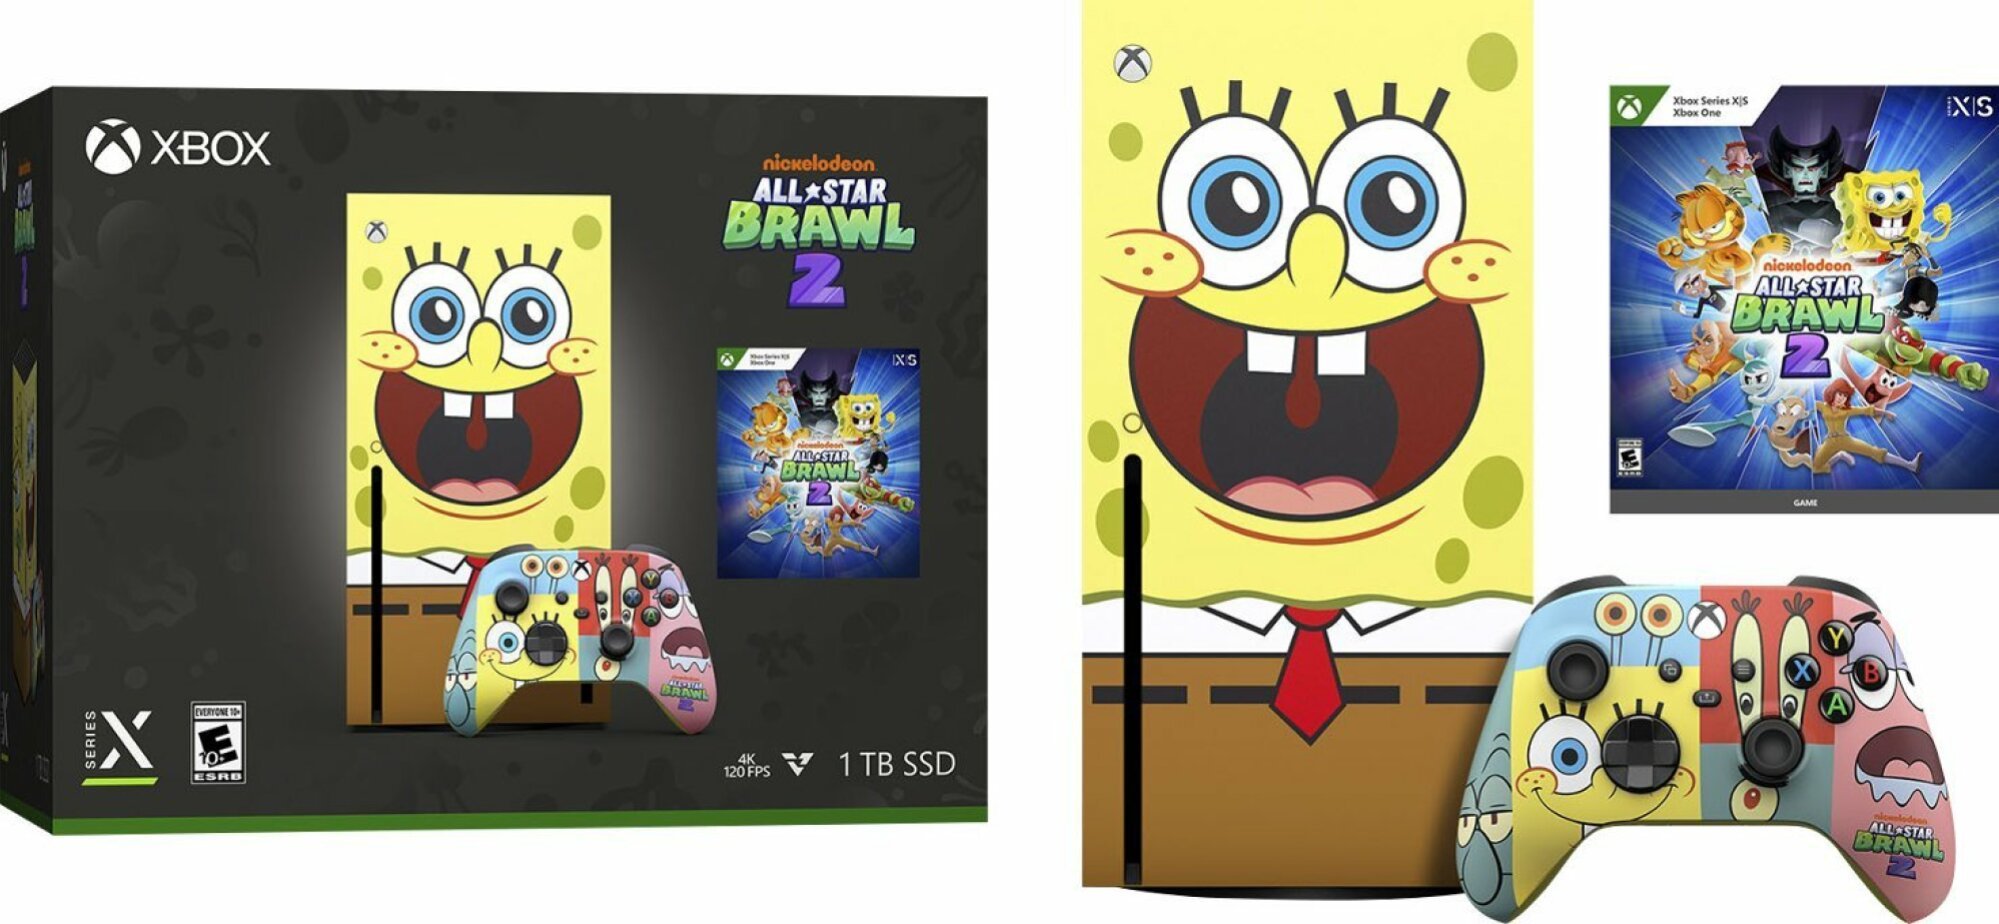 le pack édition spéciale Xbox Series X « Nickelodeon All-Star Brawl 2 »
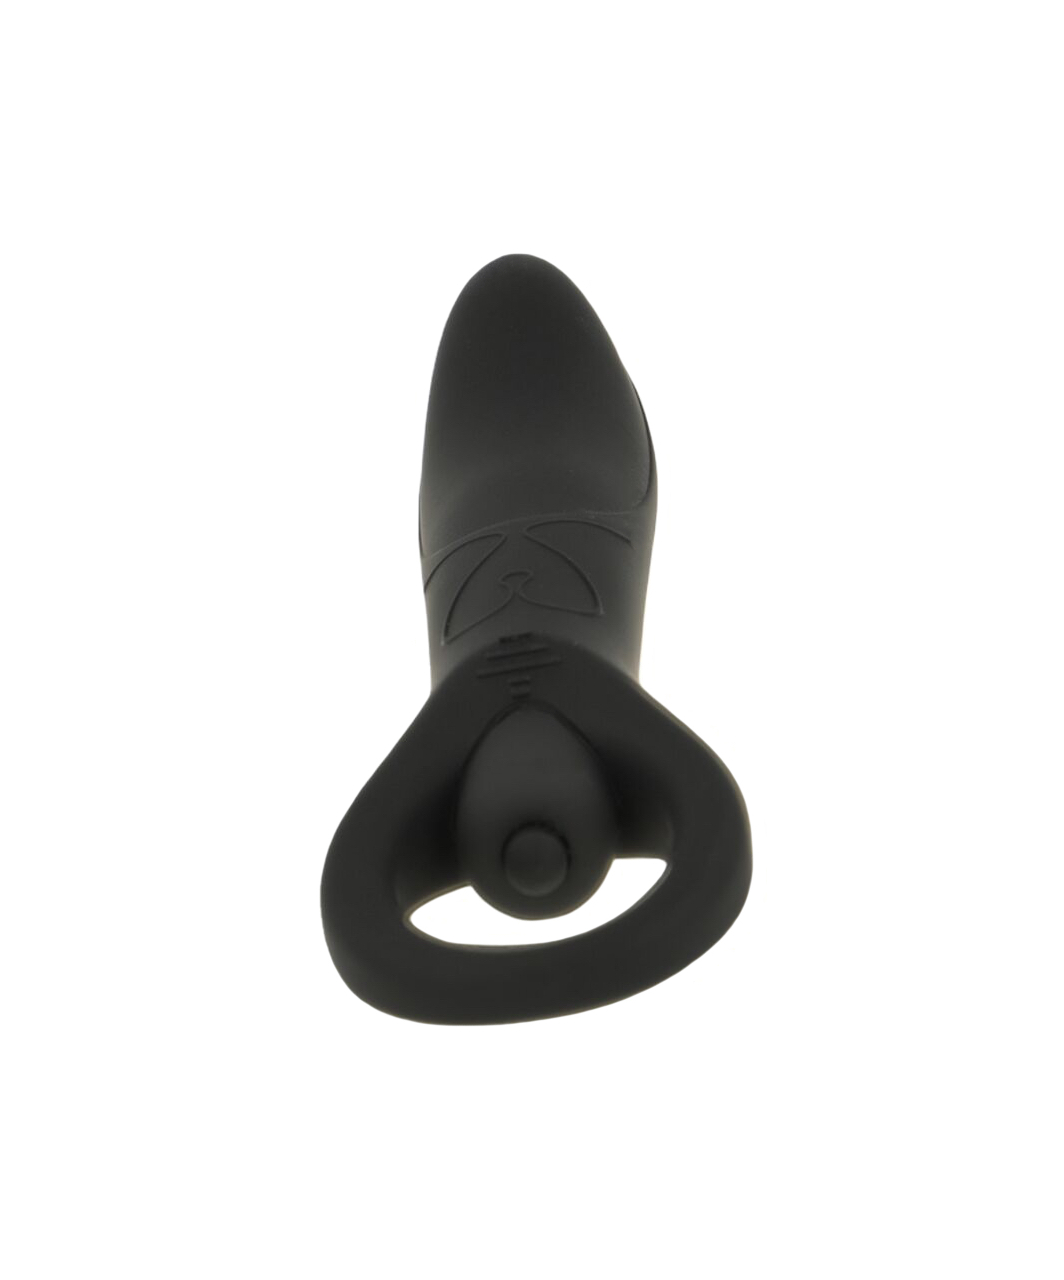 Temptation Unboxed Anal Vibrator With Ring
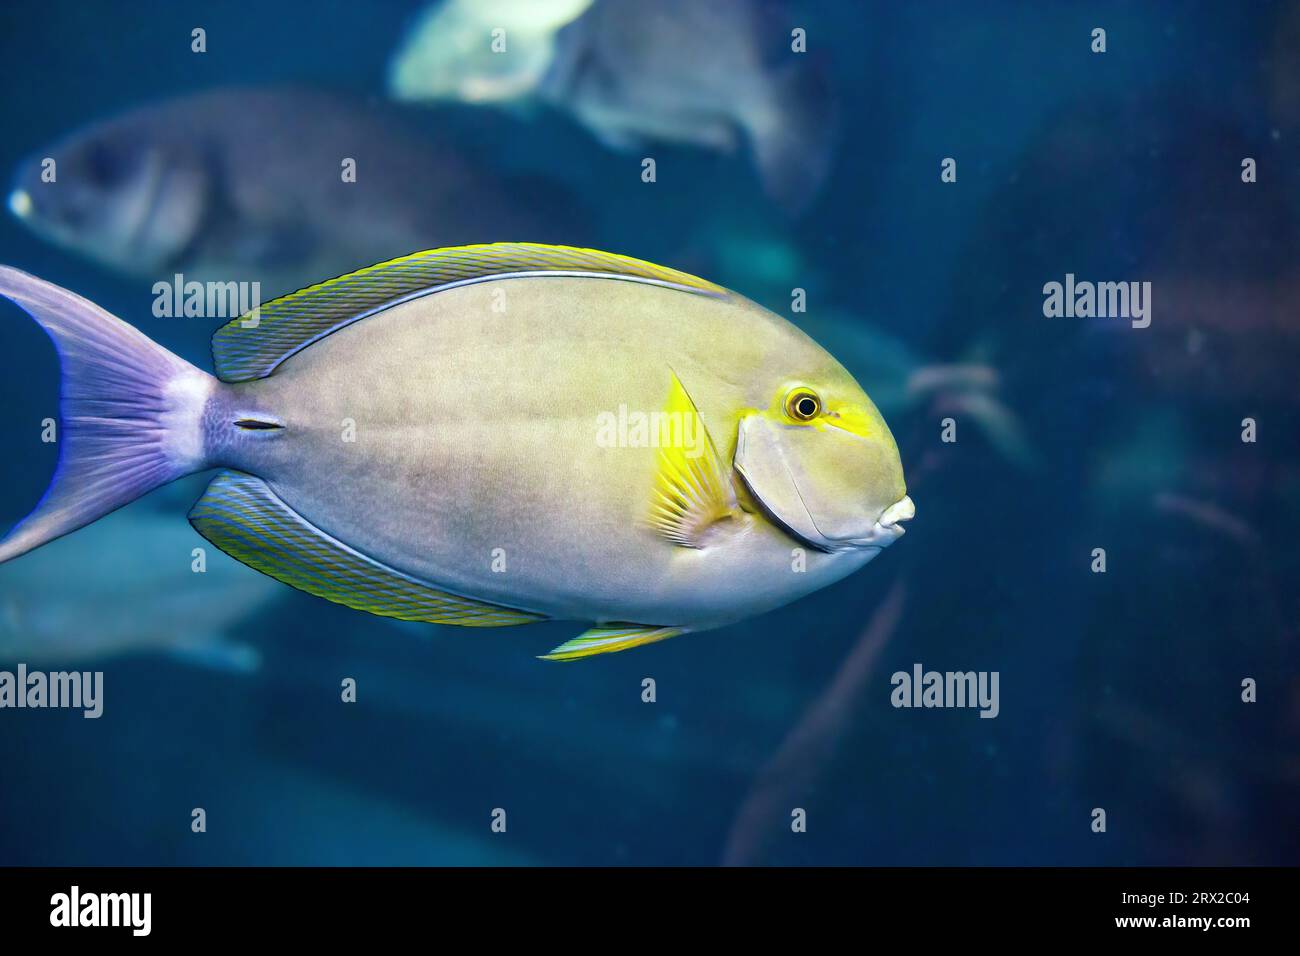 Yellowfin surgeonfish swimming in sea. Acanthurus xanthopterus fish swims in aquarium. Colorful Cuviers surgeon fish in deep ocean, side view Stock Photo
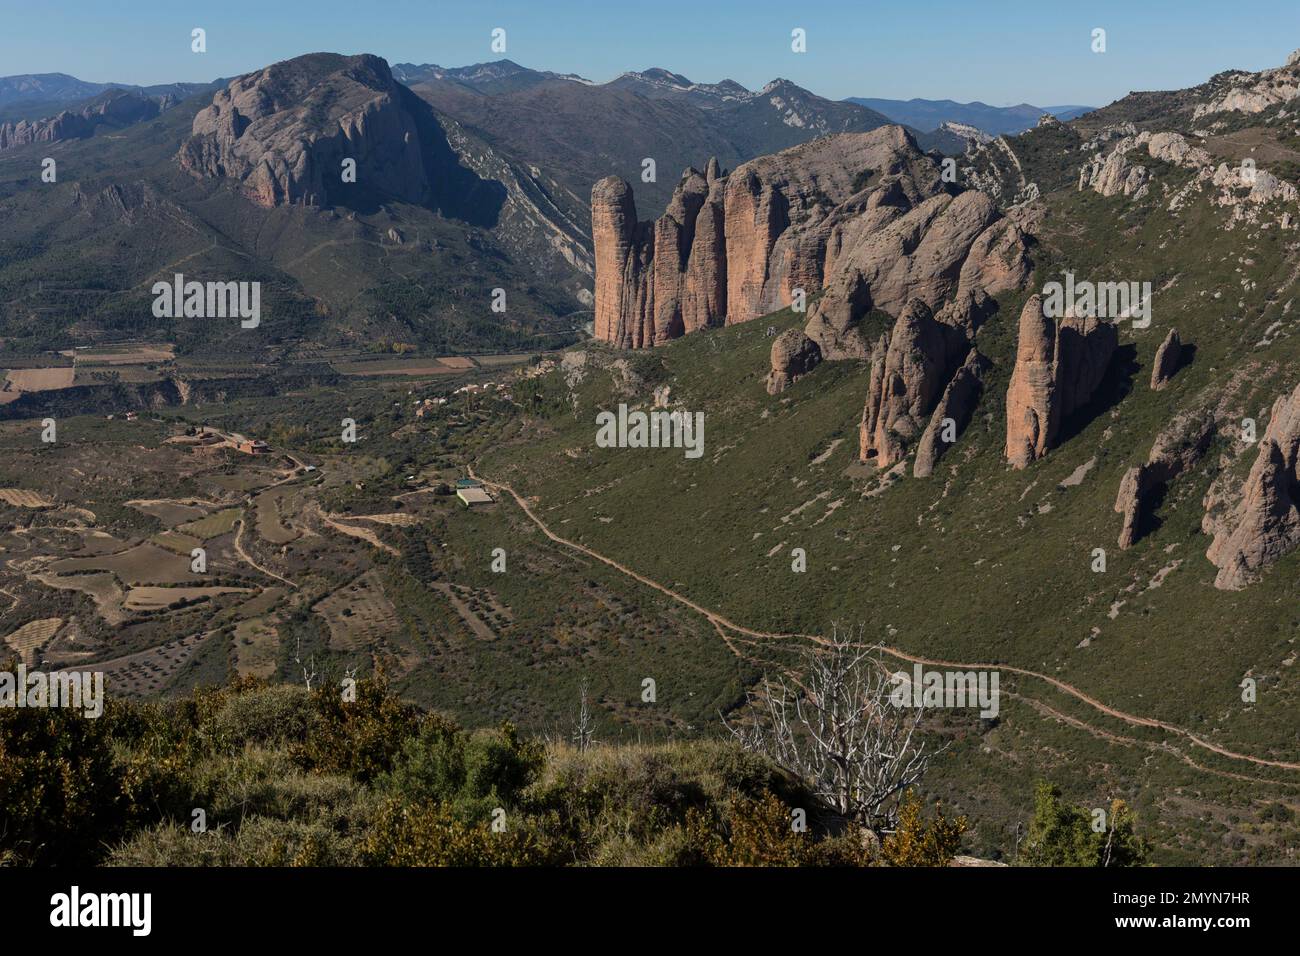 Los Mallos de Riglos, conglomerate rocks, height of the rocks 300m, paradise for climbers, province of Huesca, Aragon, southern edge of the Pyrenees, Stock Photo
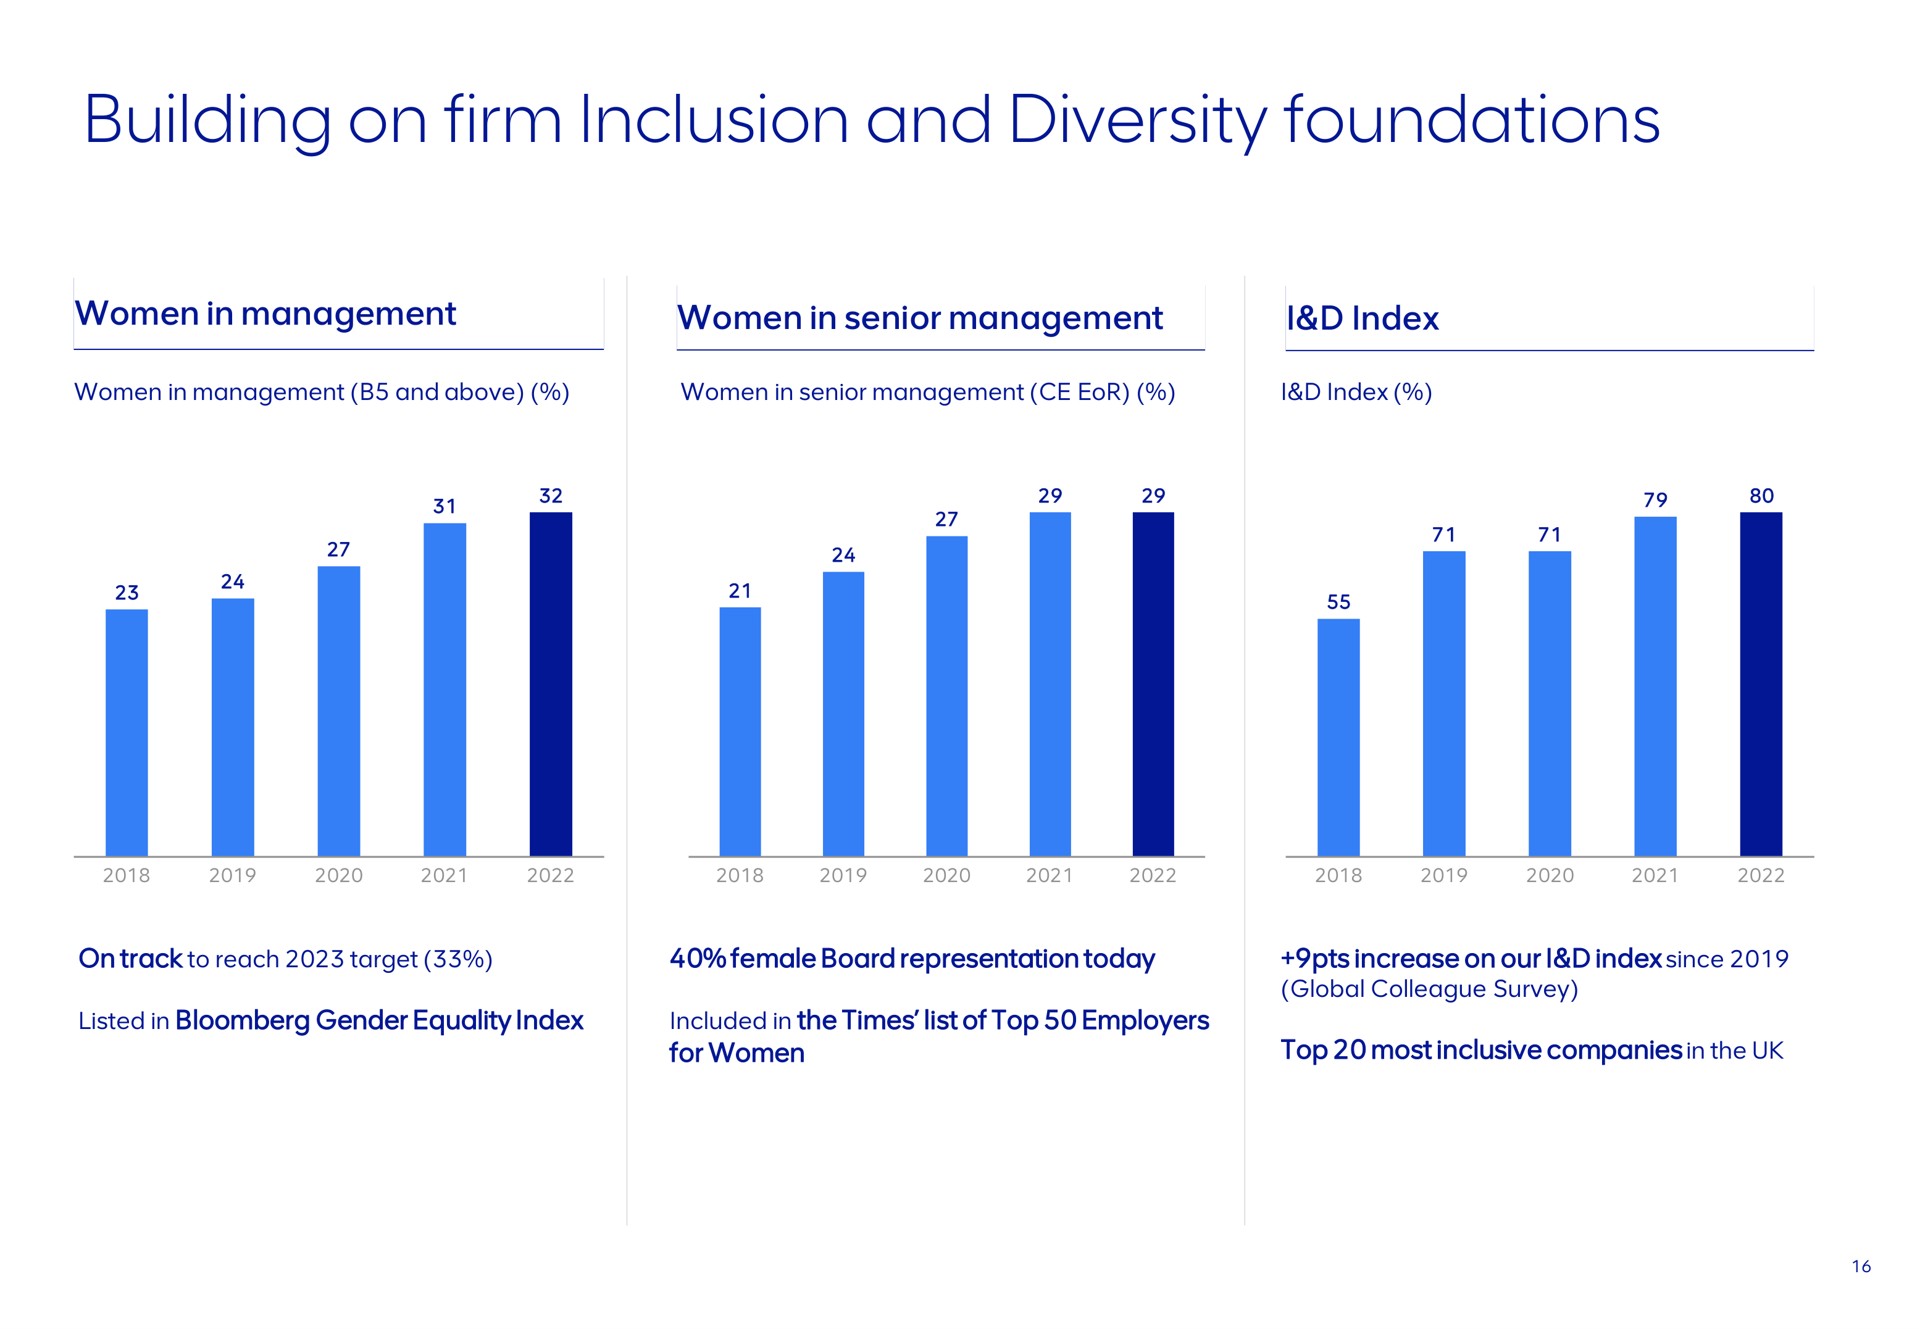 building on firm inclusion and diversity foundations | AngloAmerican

□ □ □ □ □

■ **TASK STATEMENT**: Leave the pictures out and output all of the data verbatim.

■ **RESPONSE**:
 le pack édition spéciale Xbox Series X « Nickelodeon All-Star Brawl 2 »
 Temptation Unboxed Anal Vibrator With Ring
 Yellowfin surgeonfish swimming in sea. Acanthurus xanthopterus fish swims in aquarium. Colorful Cuviers surgeon fish in deep ocean, side view Stock Photo
 Los Mallos de Riglos, conglomerate rocks, height of the rocks 300m, paradise for climbers, province of Huesca, Aragon, southern edge of the Pyrenees, Stock Photo
 building on firm inclusion and diversity foundations | AngloAmerican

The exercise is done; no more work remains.